How easy to slip into that life where she had a closet for her clothes and a closet for food and how easy to believe this was somehow normal. That’s what got King. Because where was the logic in the thing?
The author lays out his scenes impressionistically; while he succeeds in gestalt, his prose frequently trips over itself, muddying the narrative. The novel’s plot is intricate and sometimes exhilarating, but it is subverted by improbably-coincidental overconstruction, and by voyeuristic immersion in out-of-control police violence. I found it hard to grit my teeth through Yapa's prolonged, cinematically sensual portrayal of police brutality that rivaled the ugliest scenes in A Clockwork Orange.
Dr. Charles Wickramsinghe, a seventy year old Sri Lankan Deputy Minister is the novel’s seventh principal. He has flown into Seattle to collect a signature from then-POTUS Bill Clinton that will enable his country to join the WTO. With a diplomat’s calm, and an intricately informed history entwined with neighbors and university colleagues who morphed into the Buddhist mobs that burned, raped, maimed, and murdered their Tamil neighbors as Sri Lanka’s civil war ignited in the 1980s, Charles gives a judicious perspective on the protesters:
Charles Wickramsinghe was surprised to feel a widening respect. A respect with more than a pinch of regret. Because how wrong had he been? To think they knew nothing. To dismiss them. All these thoughtful young people striding toward the gates of capitalism -- they had taken Gandhi’s hunger strike and arrived at this.
And yet.
In the end I couldn't identify with characters whose experience of and relationship with the world they inhabit is presented in fleeting, fragmented glimpses. I found Victor, King, John Henry, Bishop, Park, Ju, and Charles more credible as allegory than as individuals. It was hard to swallow that their collective history encompassed the Oklahoma City bombing, impoverished young women begging for change in India and Peru, the Rodney King riots, the ELF arson in Vail, farmworkers striking in Watsonville, Shanghai's behind-the-flash backstreets, Seattle's gay pride parade, the Tamil Tigers of Sri Lanka, 'zine culture, the writings of Che Guevara and Mumia Abu-Jamal, storefront preaching, Fort Benning's School of the Americas ... pretty much the whole globalized ball of wax. Not that it couldn't be so. But the fictional-fact that these seven characters touched all that history makes for a fistful of narrative conveniences too many.
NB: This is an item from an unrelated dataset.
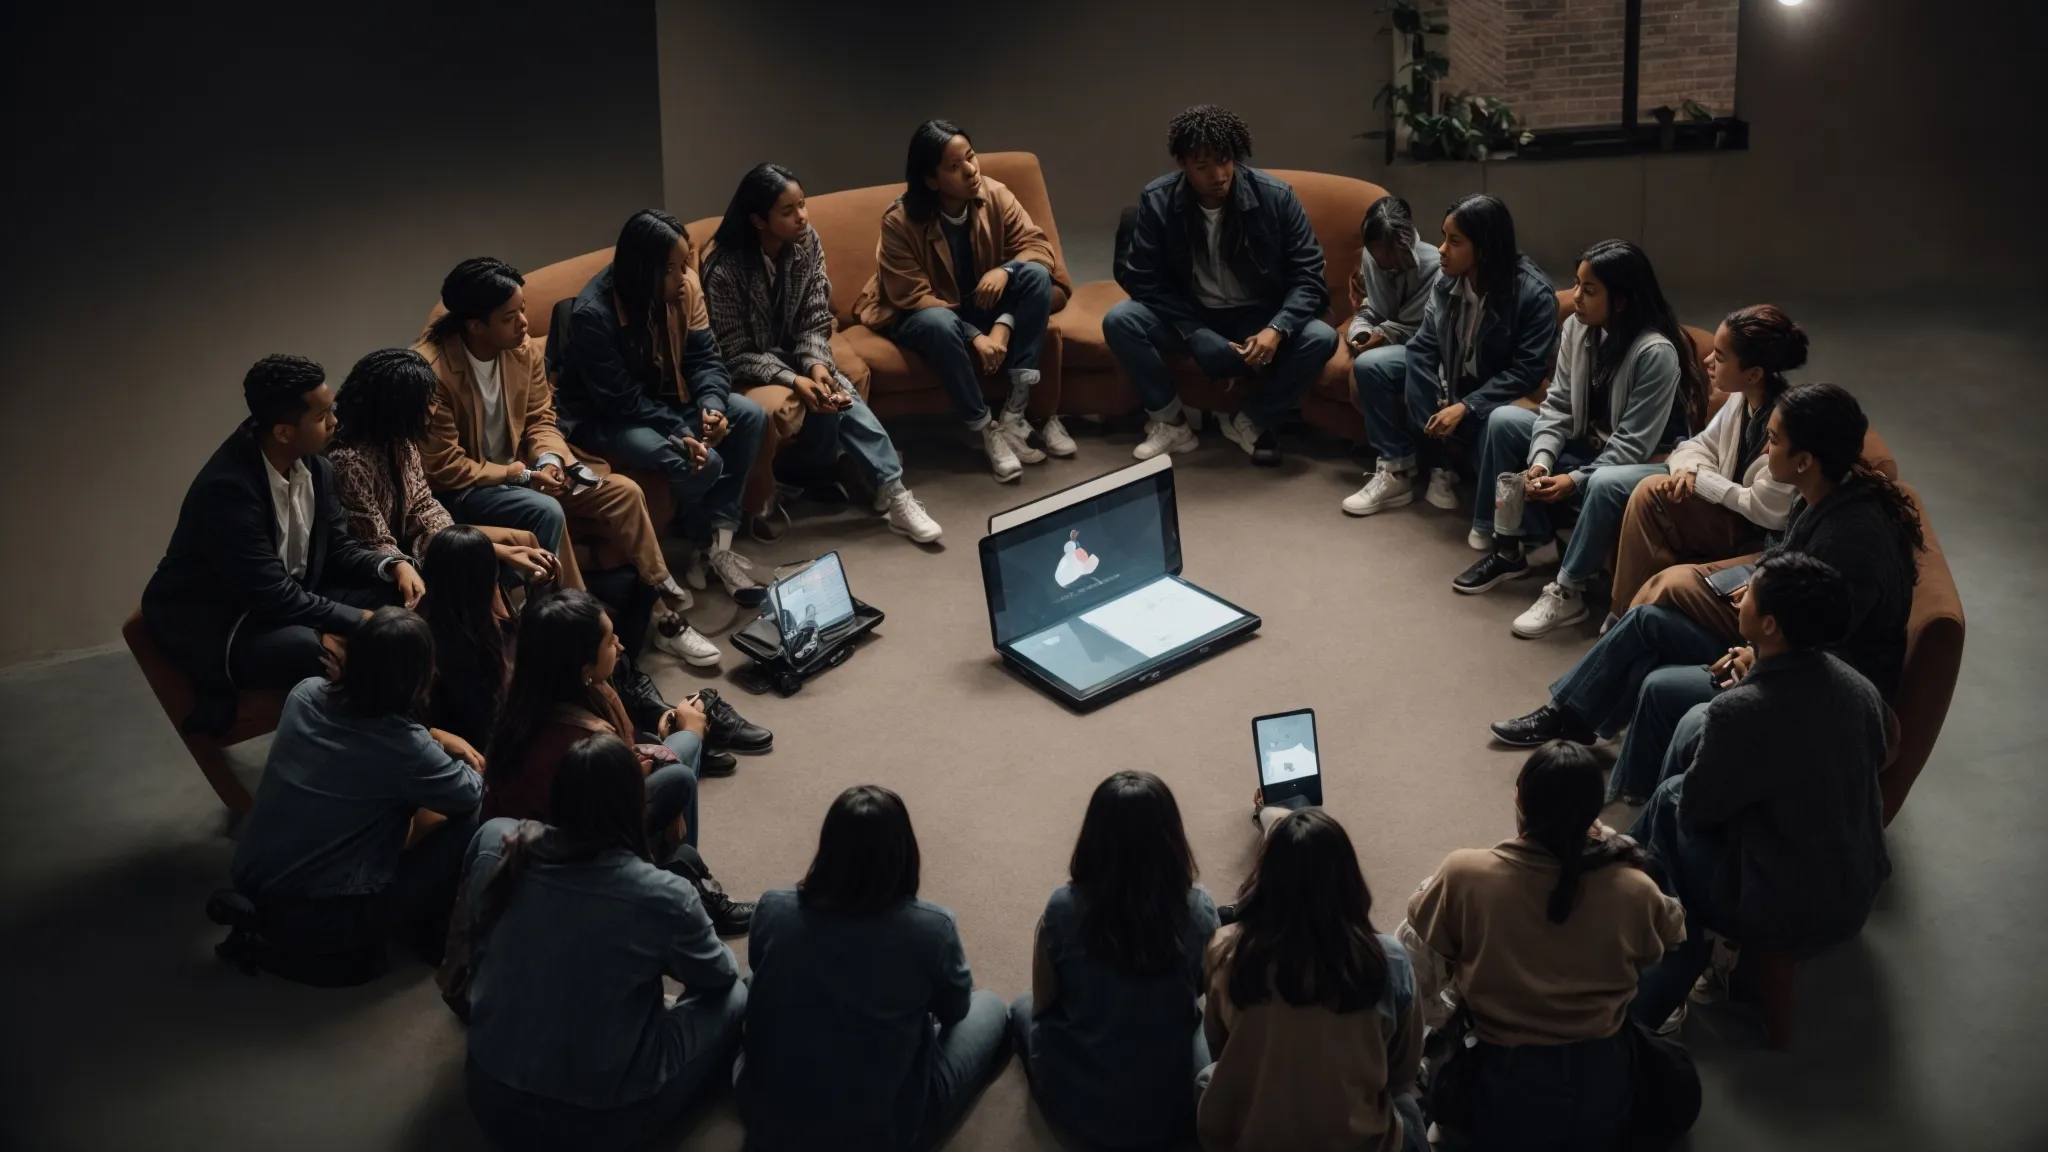 a group of diverse individuals sits in a circle, engaged in an animated discussion with a digital tablet in the center.

Does Sunil Yapa see and render the true, zero-degrees-of-separation relationships between everything and everyone in this interconnected century? He does. A reader stands in awe of his synthetic vision. But even as I tumbled voraciously through his pages I was disappointed to find no credible character with whom to identify, and -- especially for readers unfamiliar with the intricacies of both political economy and mass protest -- little to establish a grounded footing in the world that the novel portrays.
On the other hand: just because it can't stand alone as a key to understanding the roiling conflicts of our current century does not diminish the insight and value of Your Heart is a Muscle the Size of a Fist. I’m glad to have read it, and look forward to the author's future work.